Марк немного помолчал, вспоминая тот момент, когда он ступил на малую арену Порцинона и прошел по ней, чтобы представиться богатым римлянам, заплатившим за частное представление. Четыре пары взрослых – и два мальчика, отобранные для боя до смертельного исхода. Память так отчетливо представила картину, что он снова ощутил ужас, дрожь в руках и ногах, тошноту и липкий пот на лбу, хотя день был холодный. Наверху, на трибуне, римляне смеялись, что-то жевали, делали ставки. Он вспомнил, что Цезарь был занят разговором с соседом и ответил на приветствие Марка и его противника Феракса пренебрежительным взмахом руки.

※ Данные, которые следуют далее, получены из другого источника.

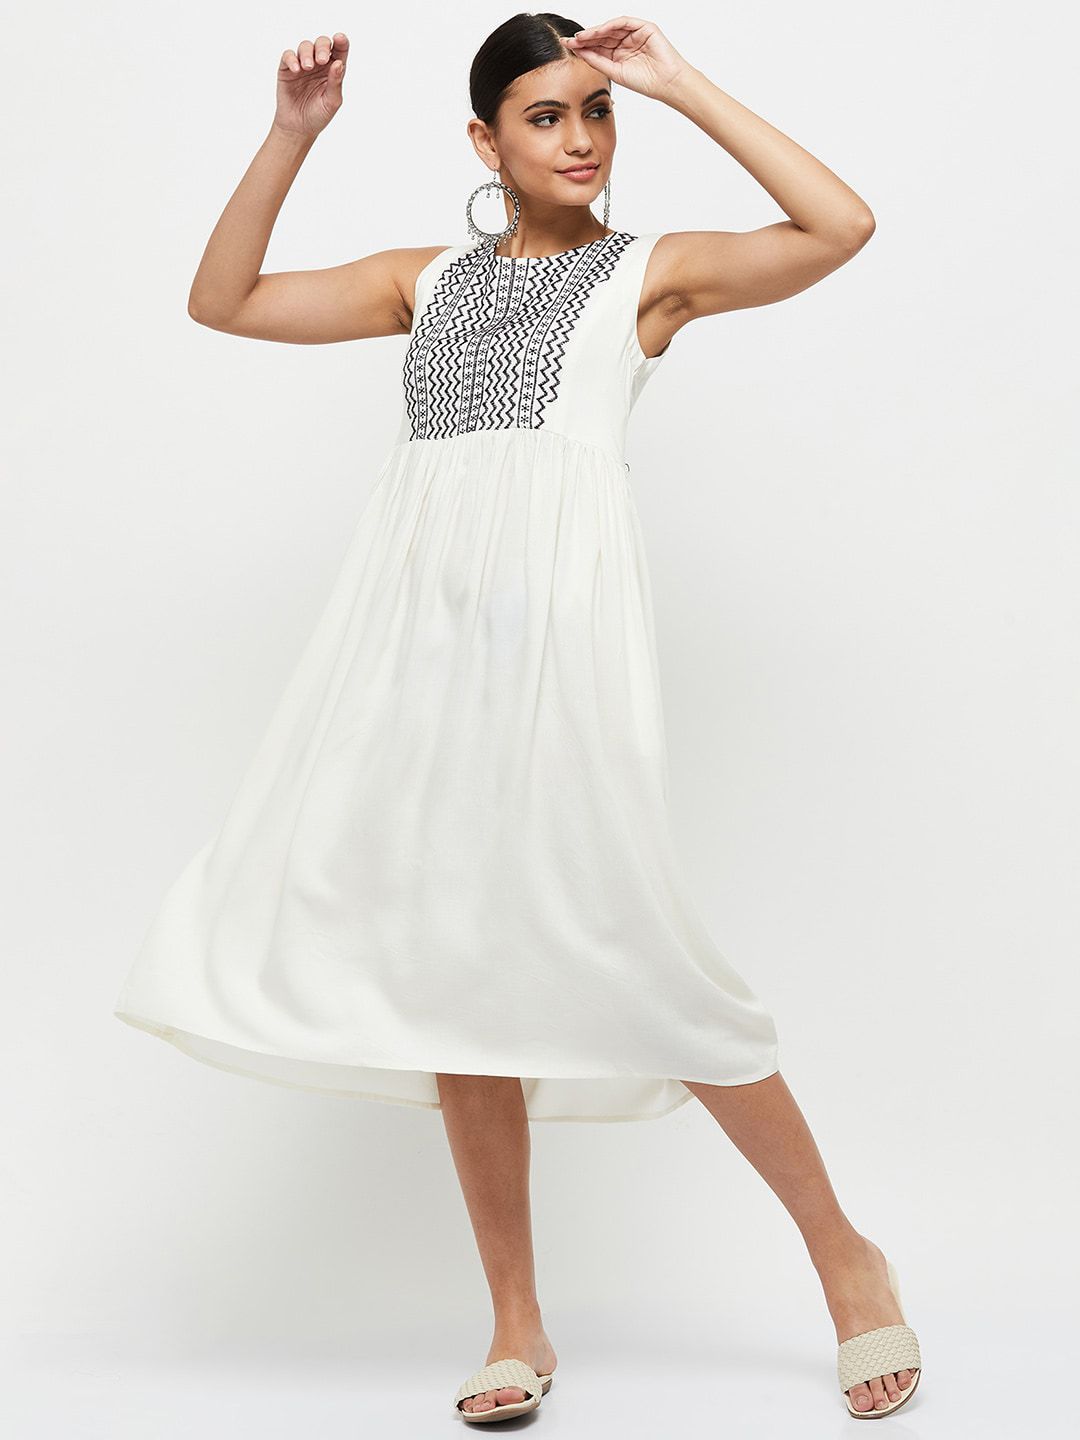 max White A-Line Dress Price in India

Там же была и Порция, хотя в отличие от других в ее глазах была жалость. Потом наступил момент, когда Марк встретился лицом к лицу с Фераксом, и сейчас он вспомнил лютую ненависть, вспыхнувшую в глазах молодого галла [3] , когда тот произнес с презрением, что убьет Марка. Это был худший момент. Даже теперь мальчик вздрогнул.
– Какой это был бой? Я никогда в жизни так не боялся, – тихо сказал Марк. – Нет слов, чтобы описать это. Радуйтесь, что вам самим не пришлось пережить это.
После небольшой паузы Корв фыркнул:
– Гладиаторы считаются сильными!
– Успокойся, – раздраженно прервал его Луп. – Марк смотрел смерти в лицо. Он знает.
– Тогда ему повезло. Если Фортуна улыбается ему, он или будет мертв еще до двадцати лет, или завоюет свободу. Не то что мы, друг мой. Мы родились рабами, и мы останемся простыми рабами до смерти. А то может случиться и так, что хозяин выгонит нас на улицу, чтобы мы сами нашли себе могилу. Наша жизнь – это живая смерть. Этот парень никогда не узнает такого.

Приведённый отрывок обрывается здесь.